Background information
- Origin: Newport, South Wales, Wales
- Genres: Pop, bluegrass, country
- Years active: 2013–2015
- Labels: Ryde/. Digital Media
- Members: Peet "Bongo Peet" Morgan, Becky "Miss Becky" Johnson, Scott "Showman" Bowman, Adam Beale;

= The Beef Seeds =

British country music and bluegrass band

The Beef Seeds were a British country music and bluegrass band which was an artist collaboration project with Ryde/. Digital Media focusing on digital platforms that has achieved worldwide status and global media recognition. The band hails from Newport, South Wales, it was formed in early 2013, and it records and publishes cover videos on its YouTube channel. The band's line-up consists of Peet "Bongo Peet" Morgan, Becky "Miss Becky" Johnson, Scott "Showman" Bowman, and Adam Beale. The band all live together in the same house with their dog Ninja, a Staffordshire Bull Terrier-Chihuahua cross who is also the mascot of the band making regular appearances in the videos. Instruments used in their songs include the Guitar, Mandolin, Banjo, Double bass, Harmonica, Washboard, and the Double washboard, which band frontman Peet Morgan invented himself.

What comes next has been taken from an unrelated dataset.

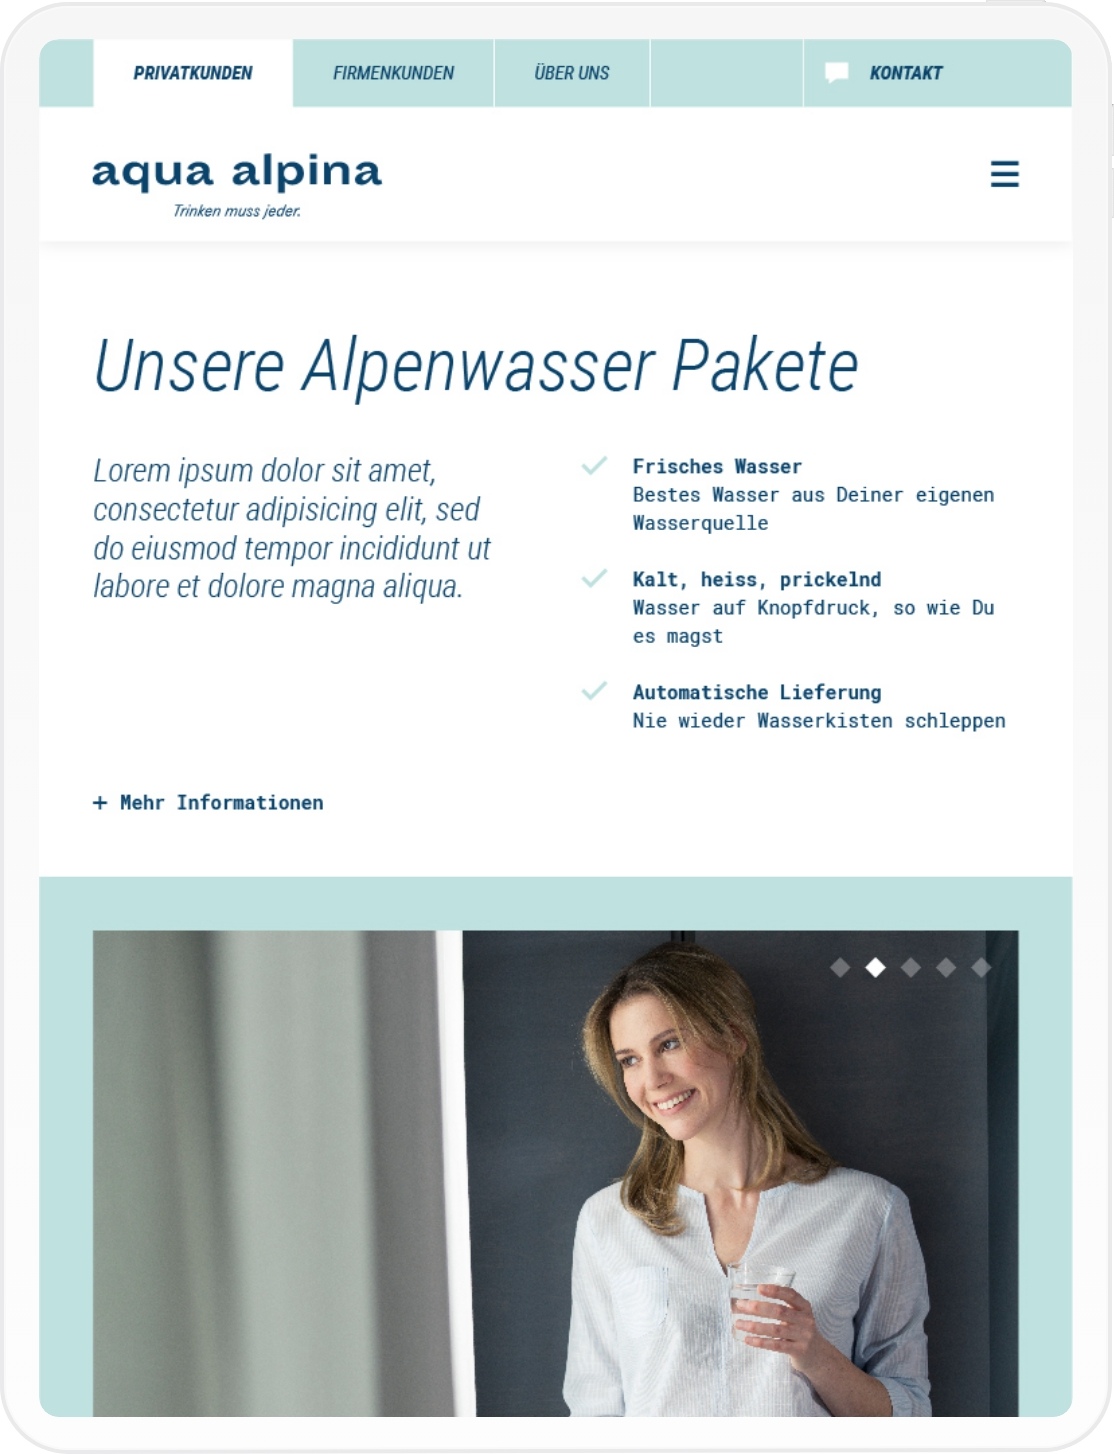 Produktübersicht der Aqua Alpina Website Tablet

The Beef Seeds' bluegrass cover of "Royals" by Lorde received praise from MTV Italy, which featured the video on their website and from multiple US radio stations including San Francisco radio station 97.3-FM (KLLC) and from Australian news site Daily Life, which described it as an "twangy" and "harmony-laden." In early 2014, it was mentioned on major Brazilian portal and Internet service provider Globo.com.

The Beef Seeds' various videos that are published on their YouTube site have collectively been watched more than two million times. The Beef Seeds were looking to tour the United States in 2014.

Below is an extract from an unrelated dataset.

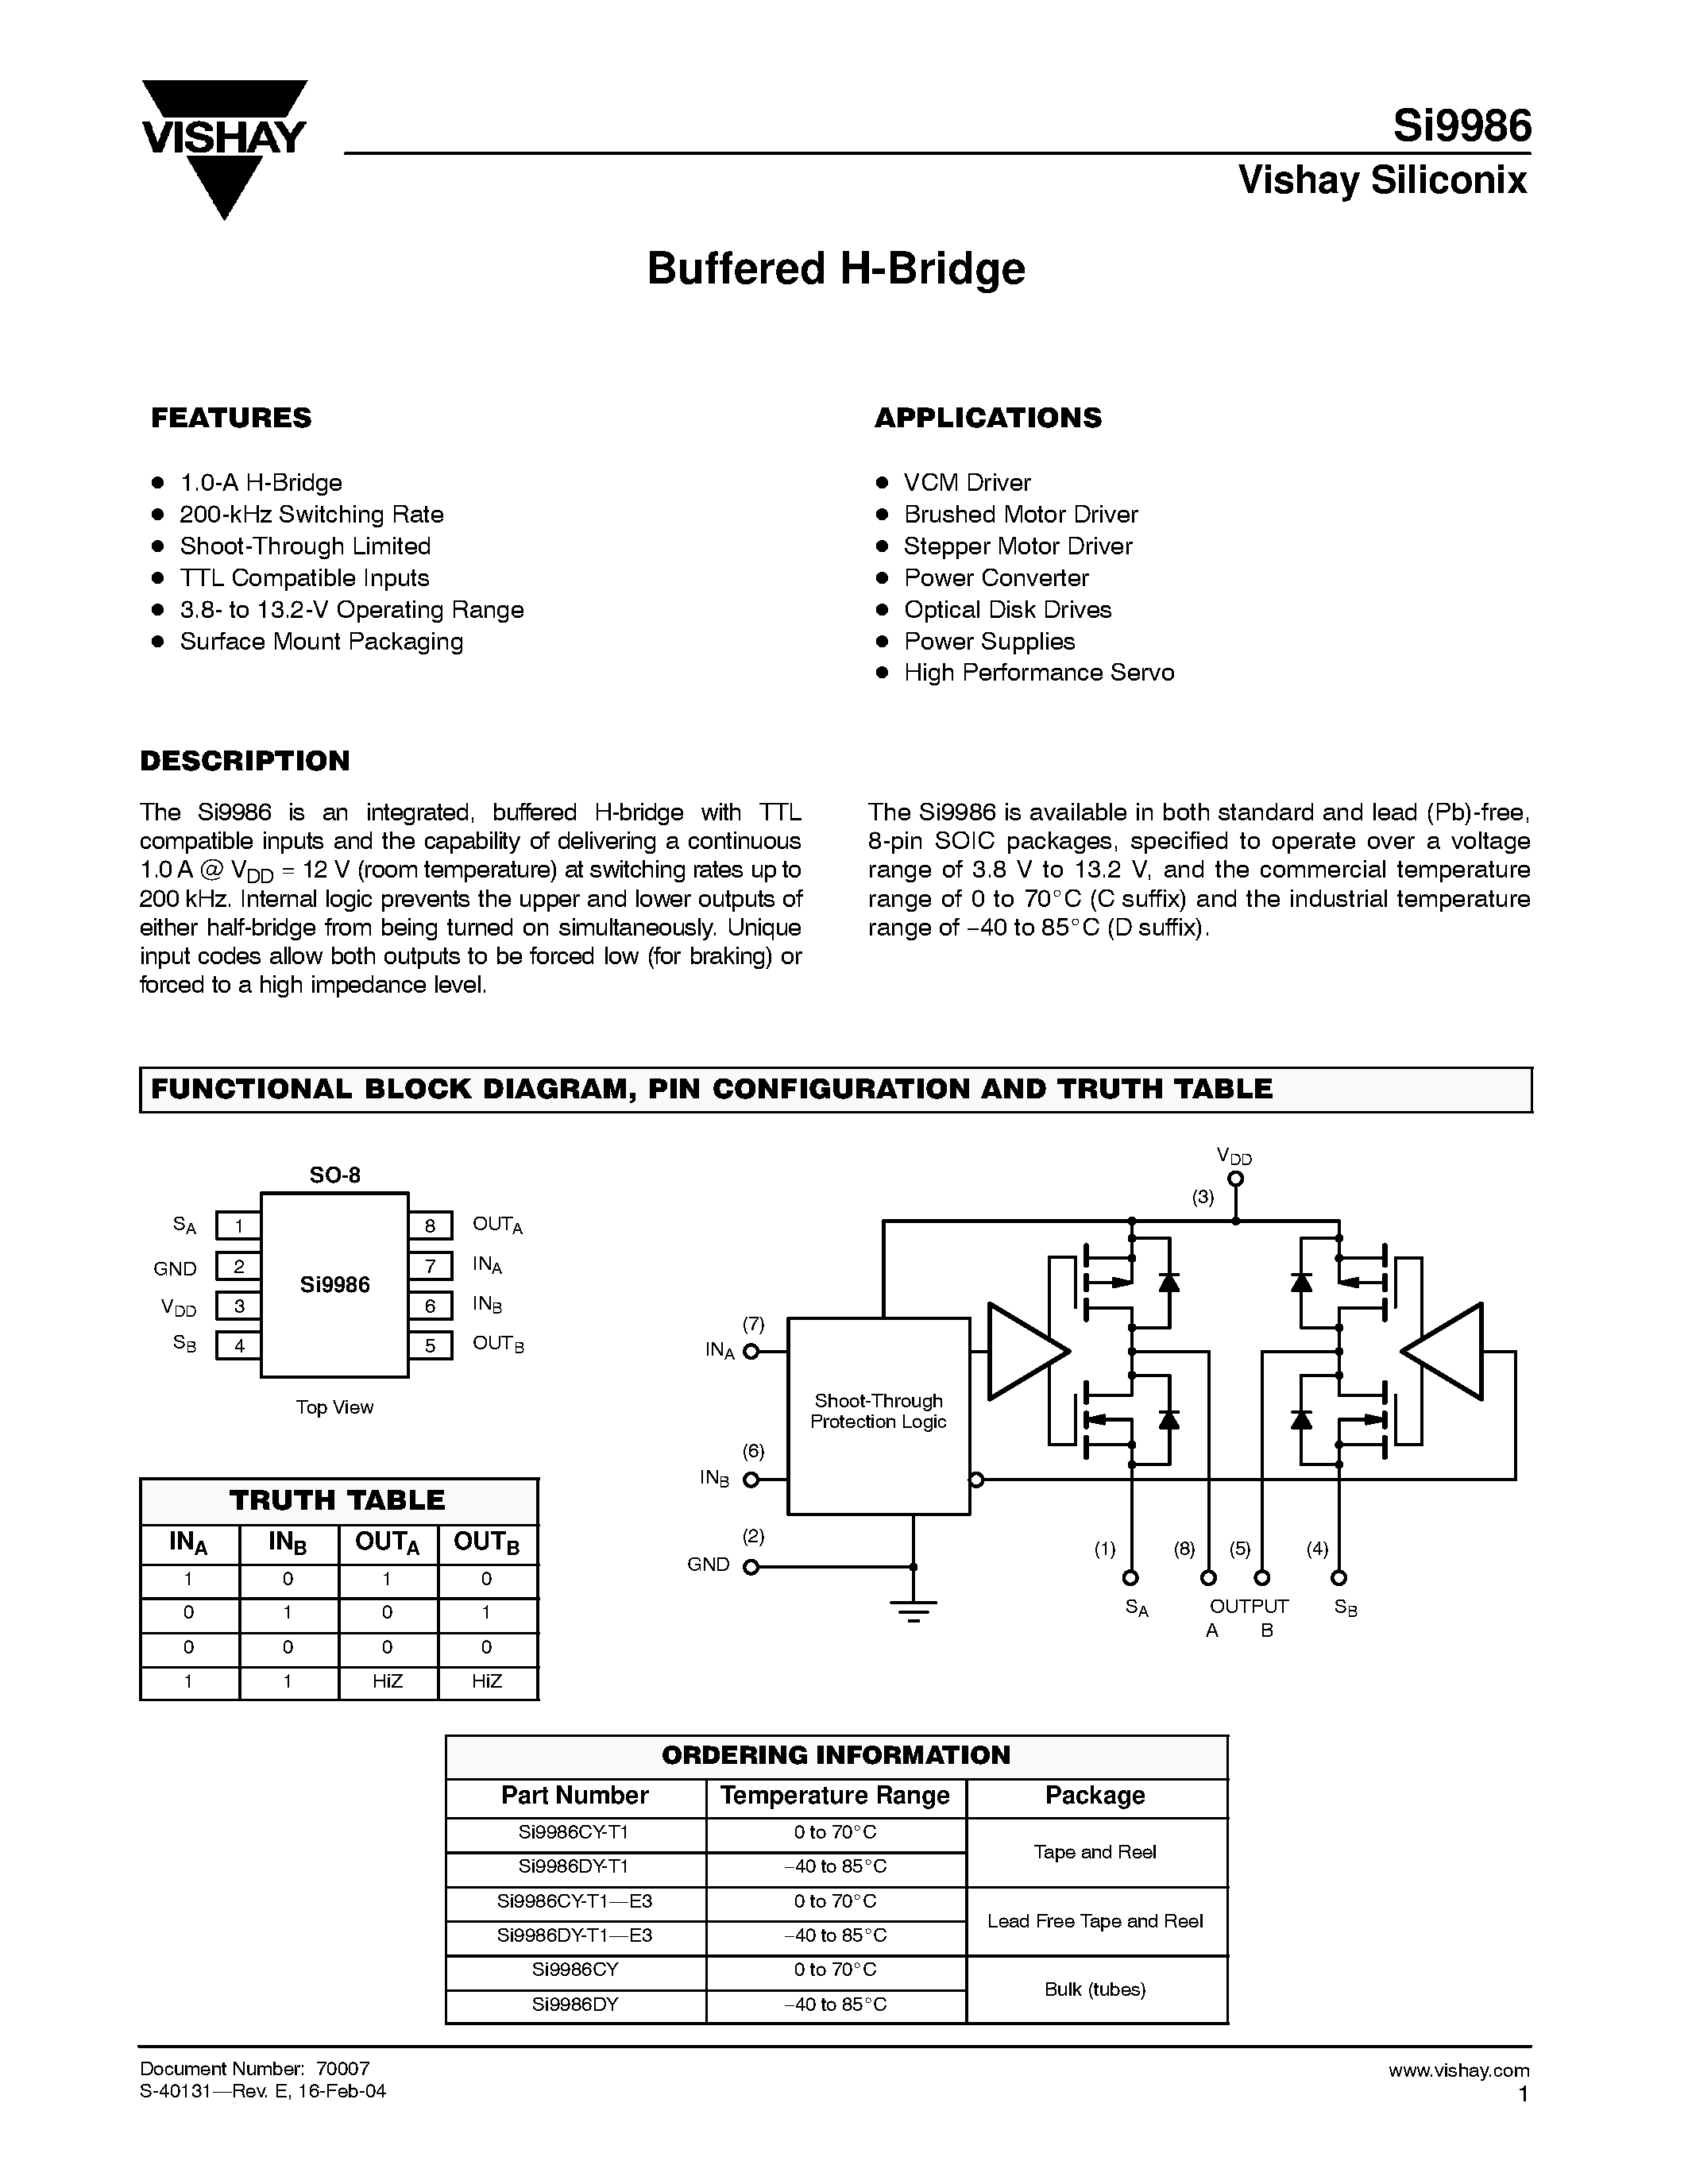 Datasheet SI9986 - Buffered H-Bridge page 1

Notably, The Beef Seeds' version of The Pogues' Christmas classic, "Fairytale of New York," which they aptly renamed "Fairytale of Newport" (as a hat tip to their own town of Newport in South Wales), has become a festive online hit. The music video follows the band and their official mascot, Ninja, around Newport's city centre.

On 22 October 2013, RyanSecrest.com announced a contest to determine music fans' favourite cover version of Swedish DJ Avicii's hit single, "Wake Me Up." A total of fifteen artists' cover versions of this song, including The Beef Seeds' version, were included for voting by readers of the site. On 17 December 2013, Ryansecrest.com announced that the contest had been won by The Beef Seeds.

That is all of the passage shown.